If that doesn't pan out, they are sold for between $100 to $200 US per person, often as day labourers in construction or agriculture.
The IOM interviewed dozens of West Africans who recounted being sold in garages and car parks in the southern city of Sabha, one of Libya's main migrant smuggling hubs.
The trade mostly targets men, Belbeisi said, but the IOM has also heard stories of women being sold into sexual slavery.
The stories are all different, he said, but the common thread in all of them is violence and hunger.
'You can be killed'
"They live in a very poor conditions, they receive just the minimal amount of food, just to keep them alive, and the treatment that they face also is inhumane," he said. "Many are subject to violence and it can reach a level where you can be killed if you cause problems to those smugglers."
Some who don't snag a ransom for their kidnappers are reportedly killed or left to starve to death, then are buried in unmarked graves with families back home uncertain of their fate.
"We are hearing about mass graves in the desert," Mohammed Abdiker, IOM's director of operations and emergencies, said in a statement.
Libya is the main gateway for migrants attempting to reach Europe by sea, with more than 150,000 people making the crossing in each of the past three years.

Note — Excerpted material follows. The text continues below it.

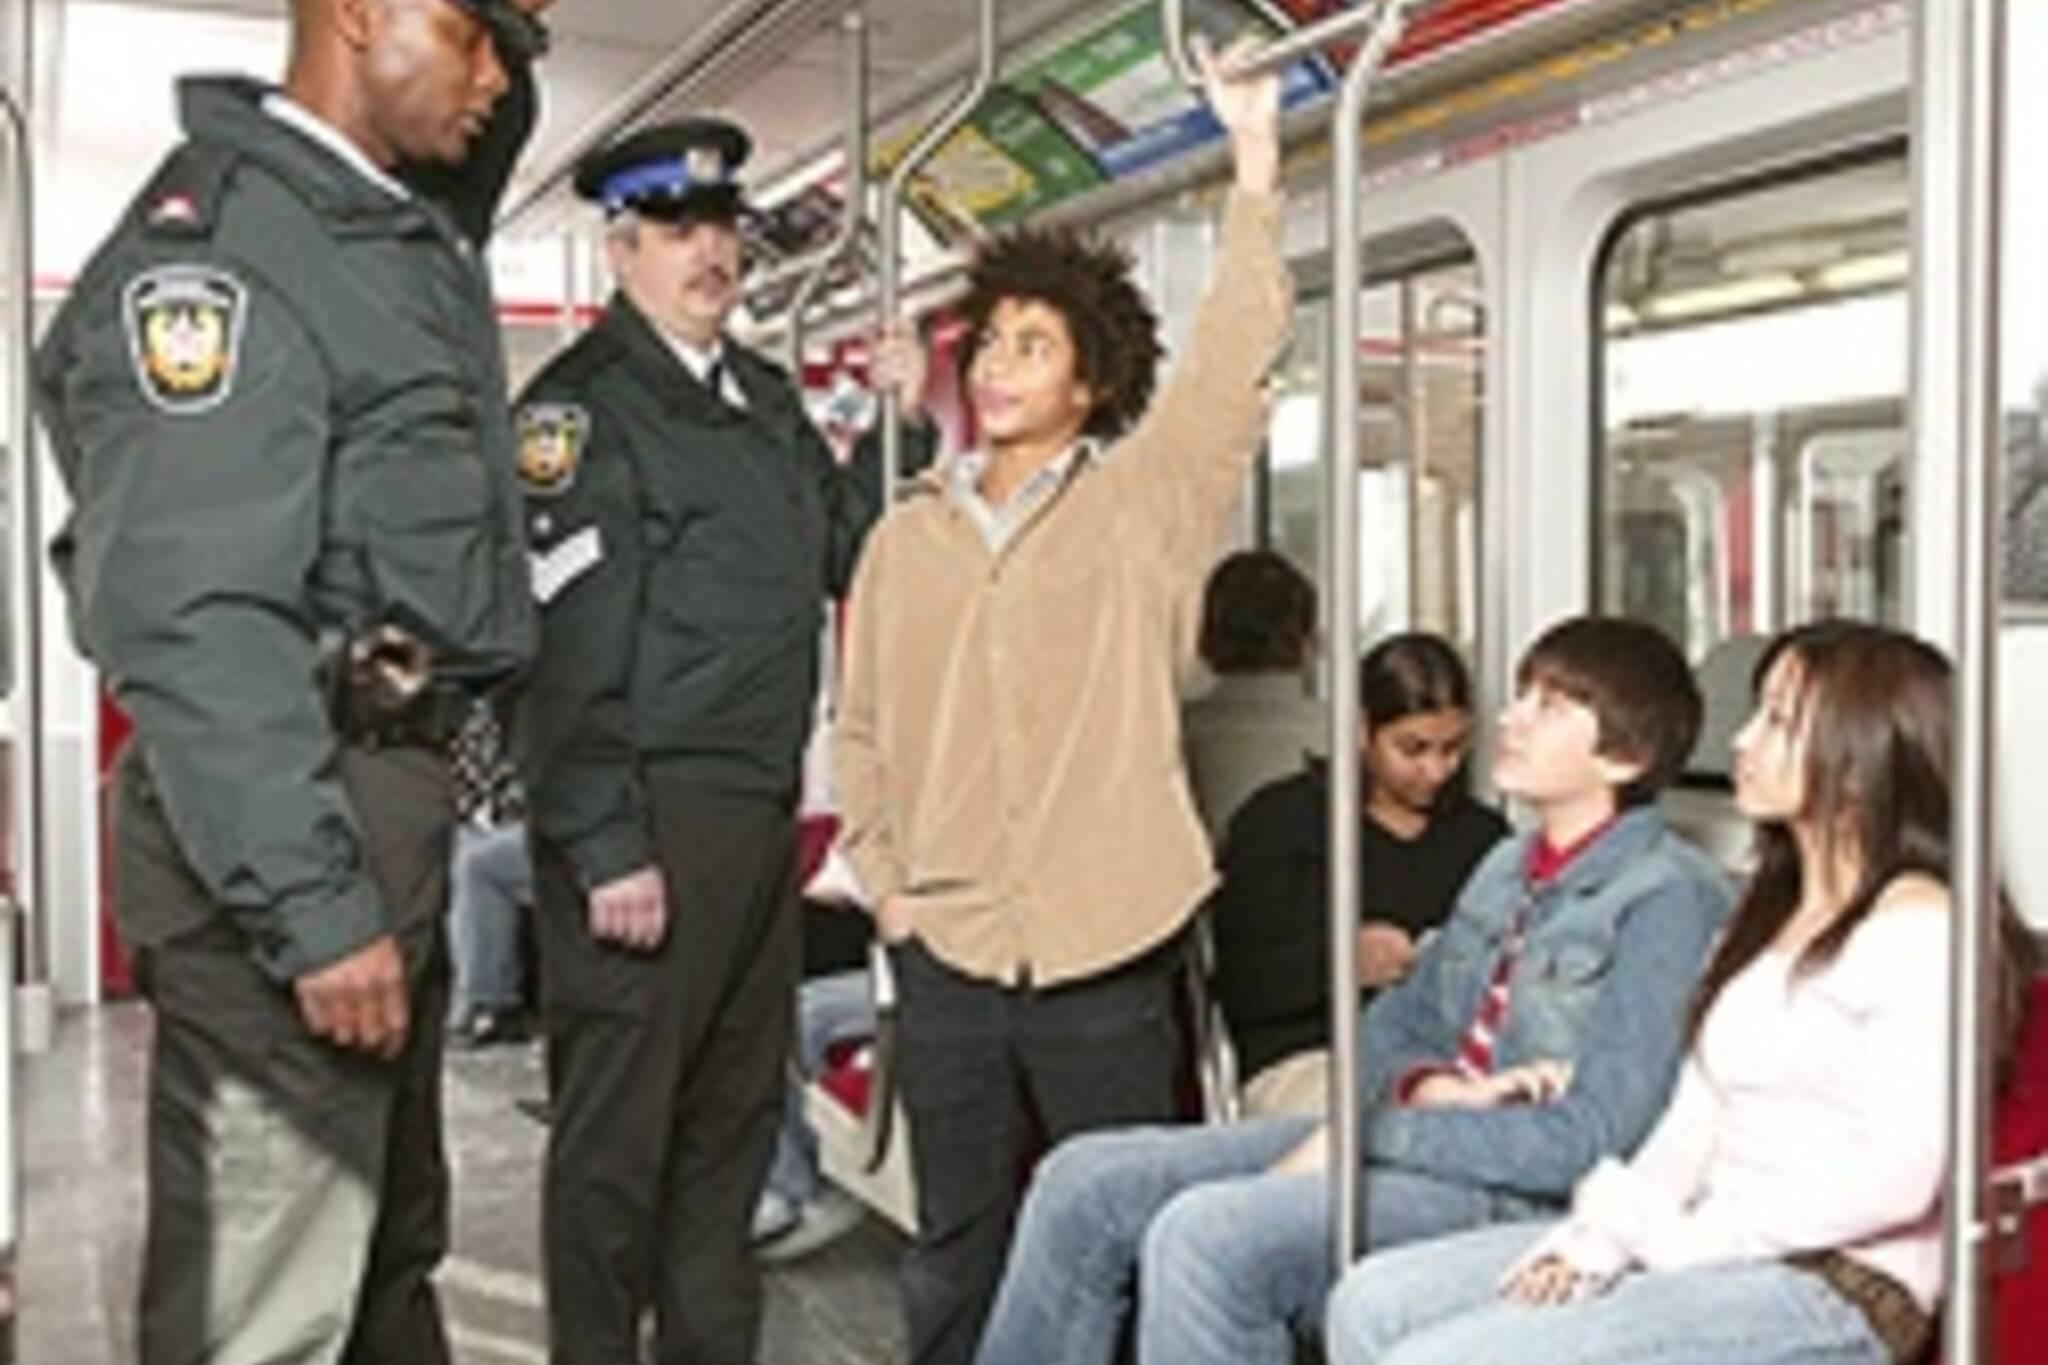 TTC Constables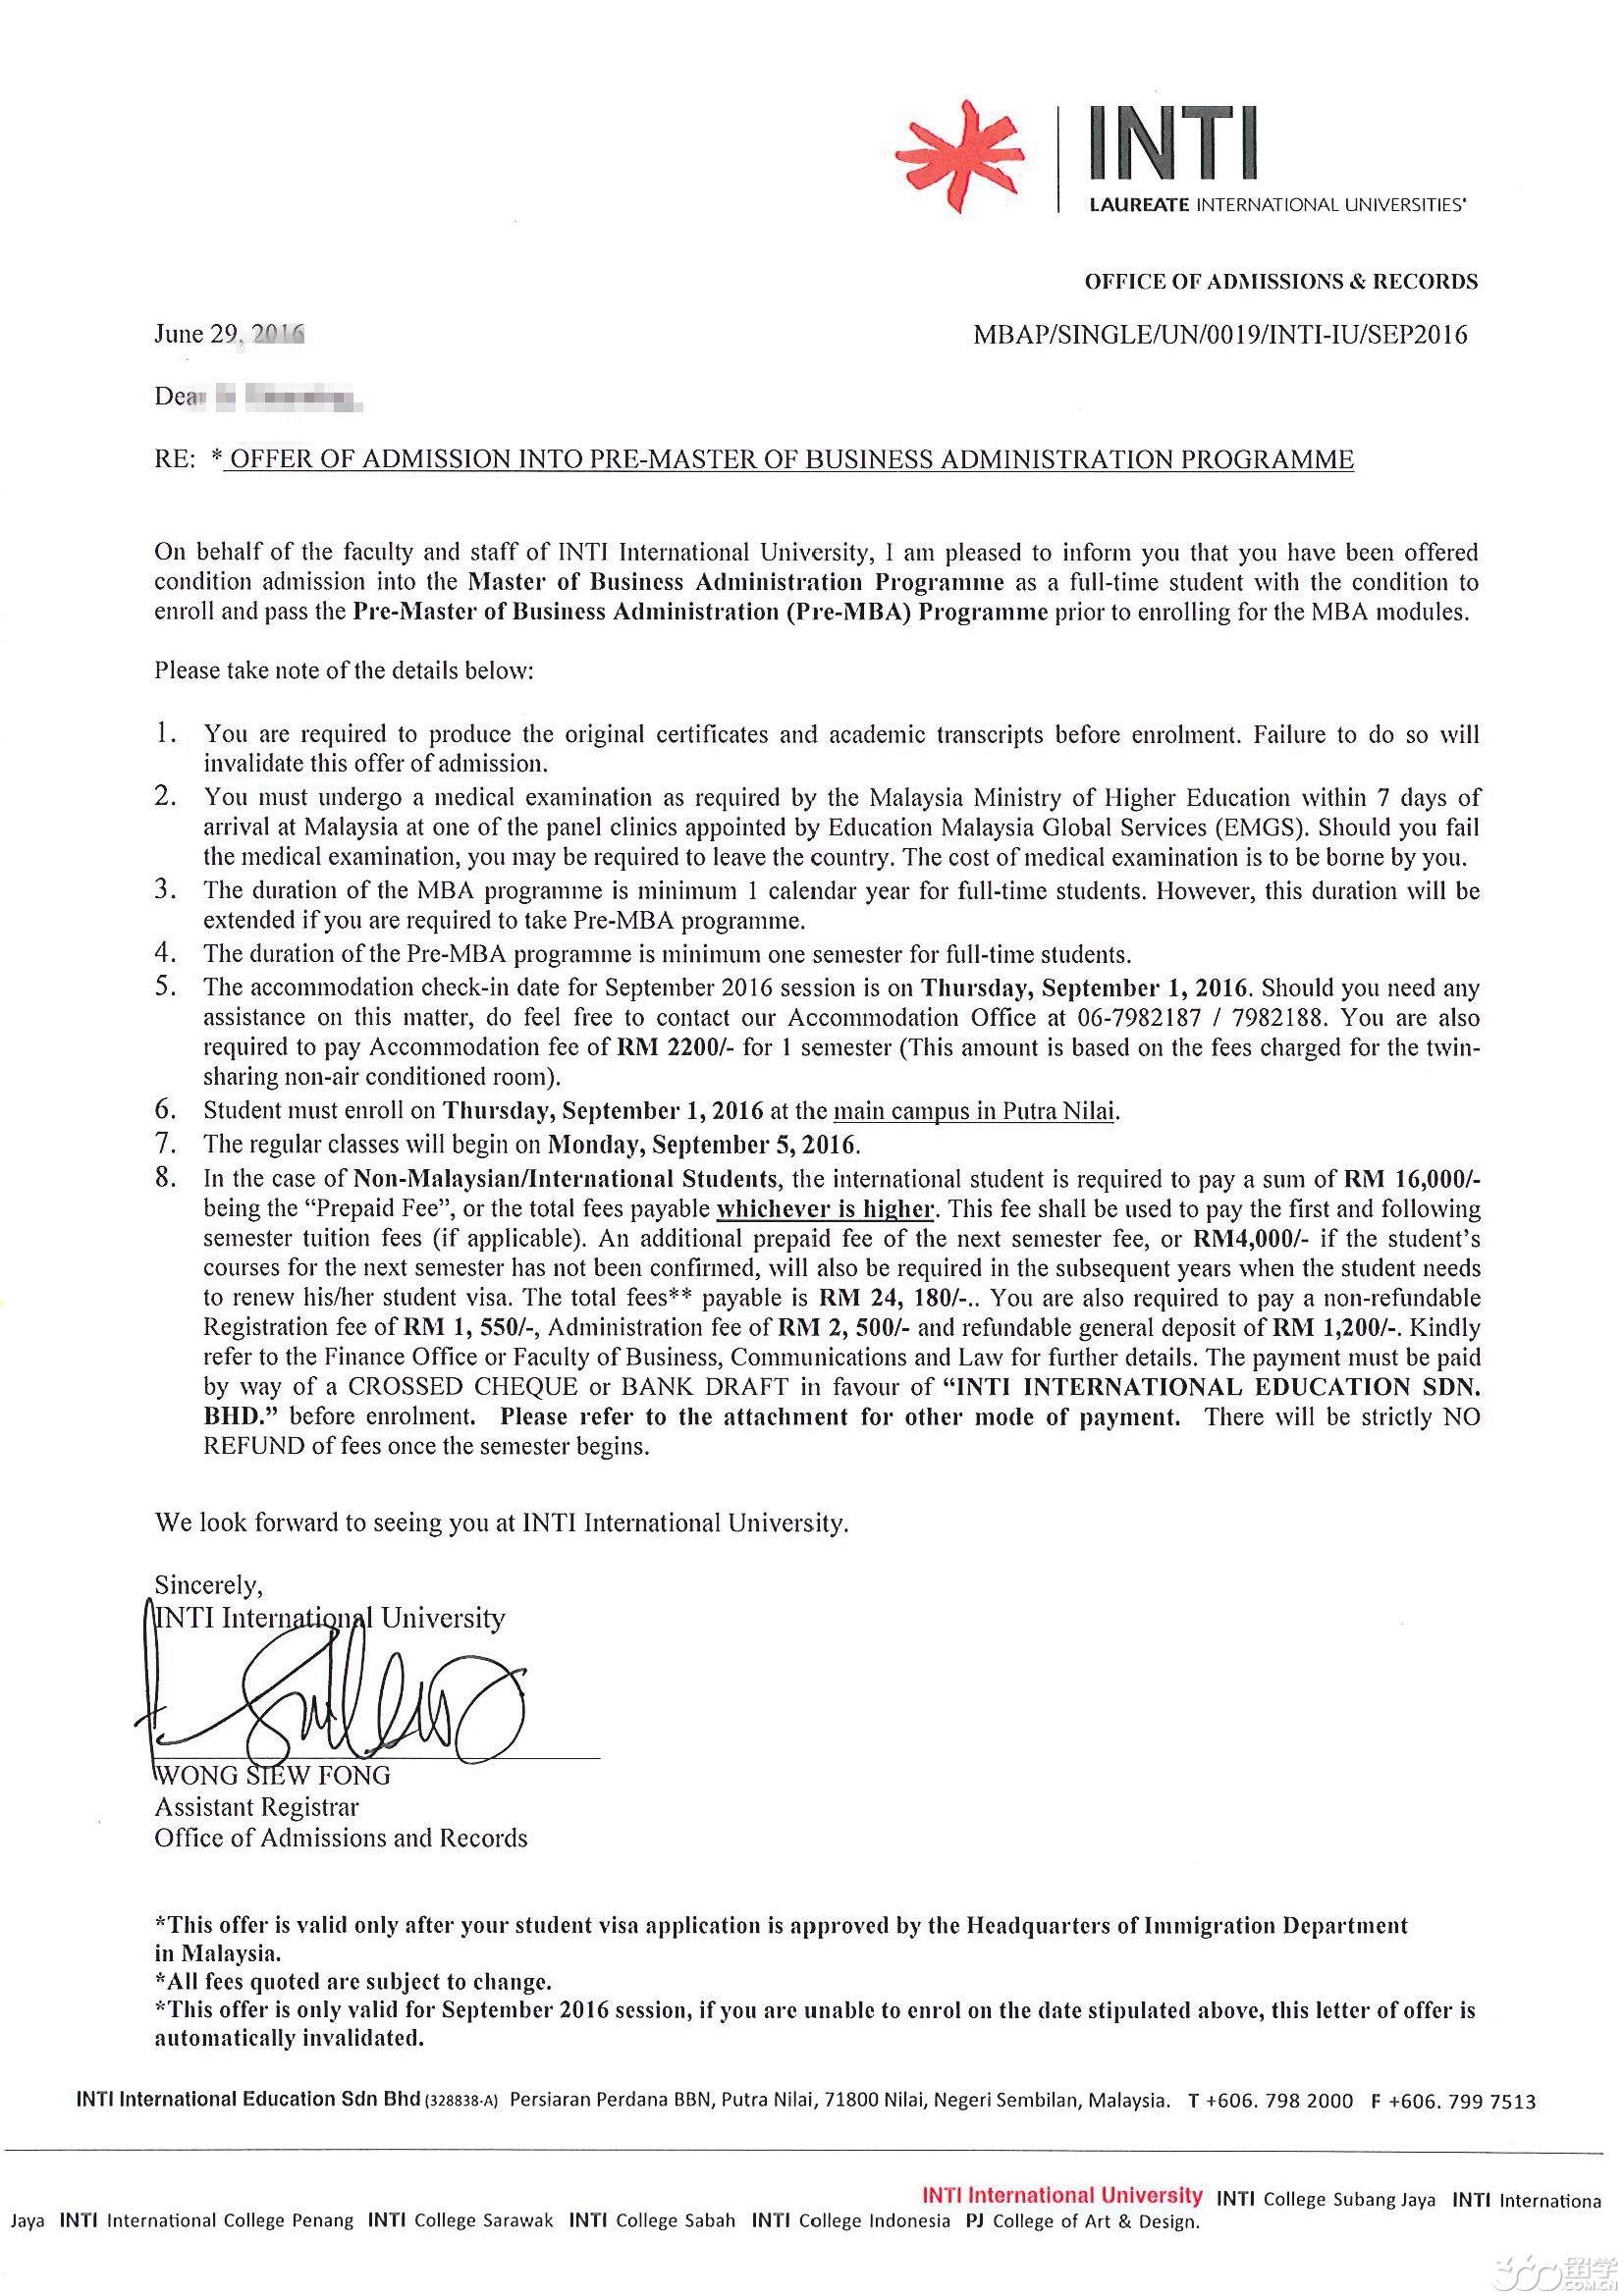 签证受阻转申请马来西亚,经廖老师成功办理惊喜发现自己更适合英迪

So far this year an estimated 32,657 migrants have crossed to Italy, over 7,000 more than during the same period in 2016, according to UN estimates. More than 800 are known to have died at sea in 2017 while an unknown number perish during their journey north through the desert. In 2016, some 3,800 died.
"People fleeing their countries looking for better life, they end up in a much worse situation," Belbeisi said. "And you can imagine if you accept this very high risk, it means that you have very limited options back home, and I believe those people deserve better treatment and better opportuities."